The primary observational outcome of this study was the cumulative rocuronium dose during the induction. The secondary outcome was intubation condition for DLT placement. The DLT intubation condition quality was evaluated based on Copenhagen Consensus Conference scoring system: ease of laryngoscopy, vocal cord position and/or movement and response to intubation or cuff inflation (cough or diaphragmatic movement), and further classified as excellent, fair or difficult [11,12]. Other outcomes including intubation stimulation induced MAP and HR change (Post-intubation vs. Pre-intubation), propofol concentration when intubation, time from last dose of rocuronium administration to TOF returned to 90%, the needed time for extubation based on the decision of the anaesthetist (measured from the moment of the end of the operation). After extubation, 0-100mm visual analogue score (VAS) , postoperative Riker sedation and agitation scale and PONV were recorded. For 0-100mm VAS, we classified the patients’ postoperative pain intensity as none, mild, moderate, or severe. The following cut points on the pain VAS were determined: no pain (0–4 mm), mild pain (5–44 mm), moderate pain (45–74 mm), and severe pain (75–100 mm) [13]. For Riker sedation and agitation scales, we further divided the patients into three categories according to the scale: over sedated (scales 1 - 2), non-agitated (scales 3 - 4) and agitated (scales 5 - 7) [14,15].

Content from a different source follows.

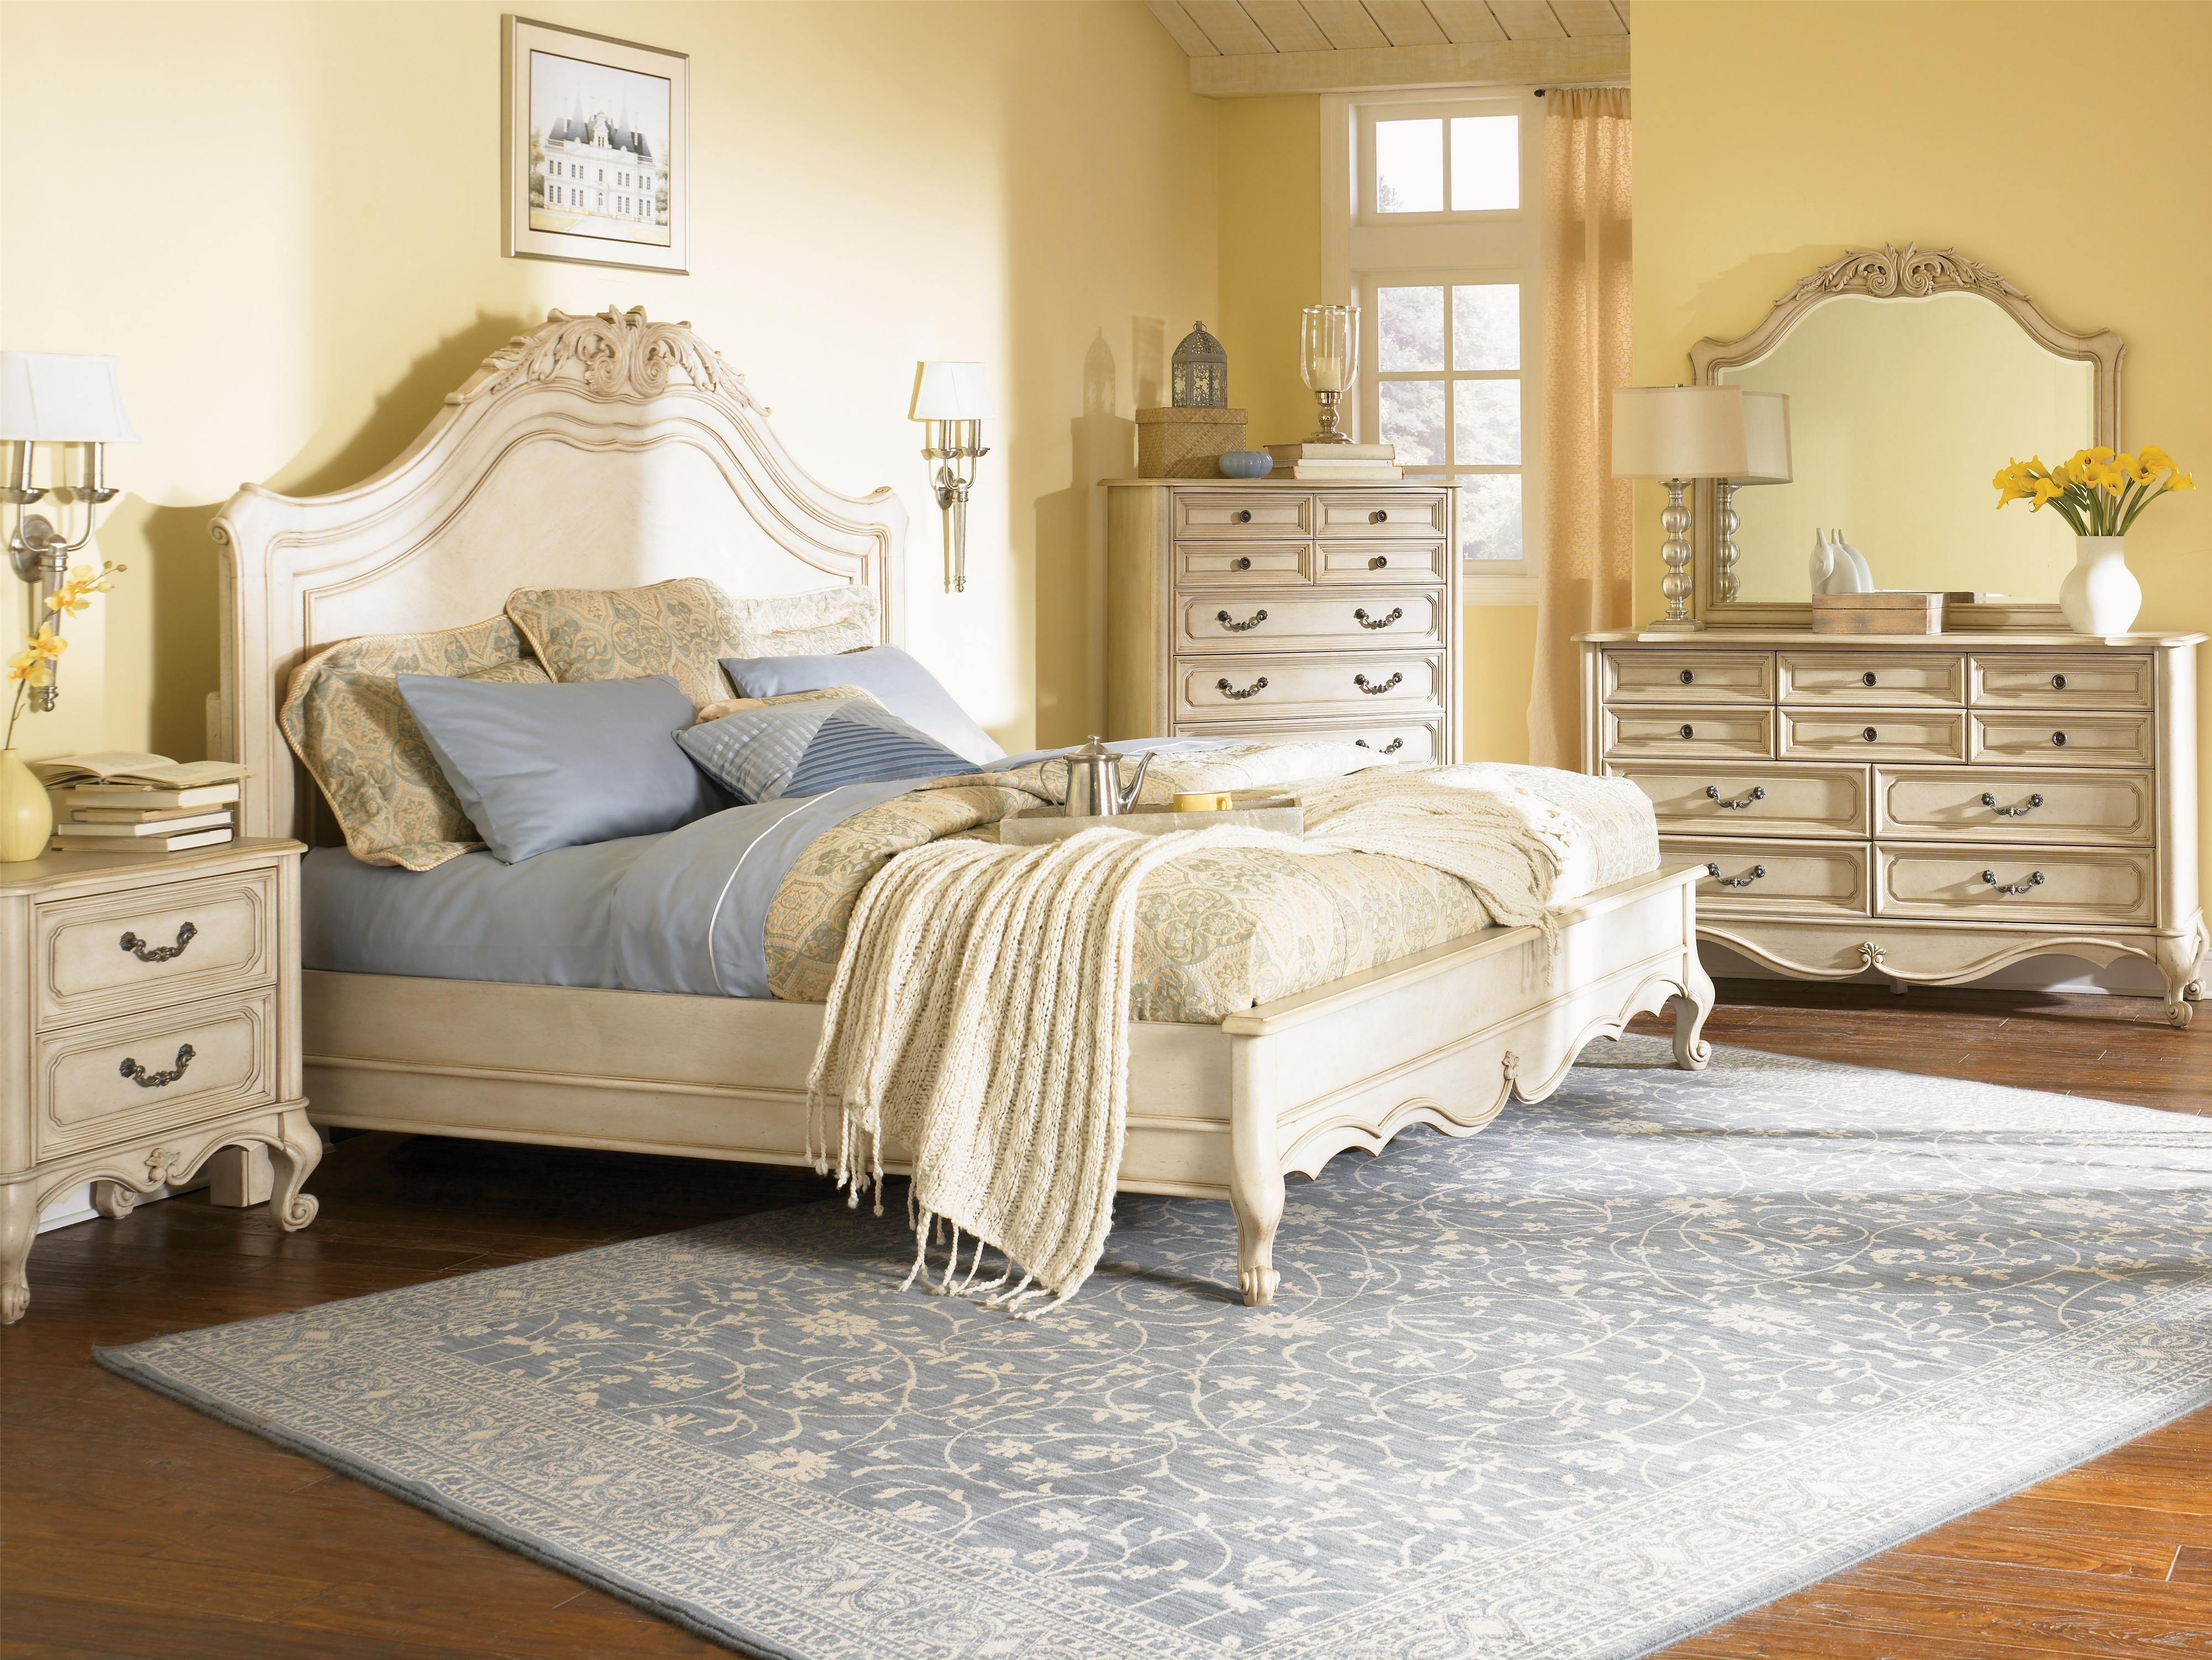 Dhi La Salle Vintage Bedroom Sets Vintage Bedroom Styles Cream Bedroom Furniture

We estimated the sample size based on the primary outcome (cumulative rocuronium dose used for intubation). In our pilot study, the mean difference of the initial rocuronium dose between magnesium sulfate group and normal saline group was 0.14mg.kg-1 with a pooled variance (SD) of 0.11. To obtain an alpha value of 0.05 and a test power of 80%, about 12 subjects were needed in each group. Anticipating about 20% dropout rate, we roughly estimated that 30 patients were needed.
Continuous variables presented as mean (SD) or number (%) were compared by Student t-test, F-test, Chi-square test or Fisher’s exact test. Categorical variables are presented as the number of patients and were compared by Chi-square test or Fisher’s exact test. A P value <0.05 was considered significant. Data Analyses were accomplished using MedCalc for Windows, version 11.4.2.0 (MedCalc Software, Mariakerke, Belgium).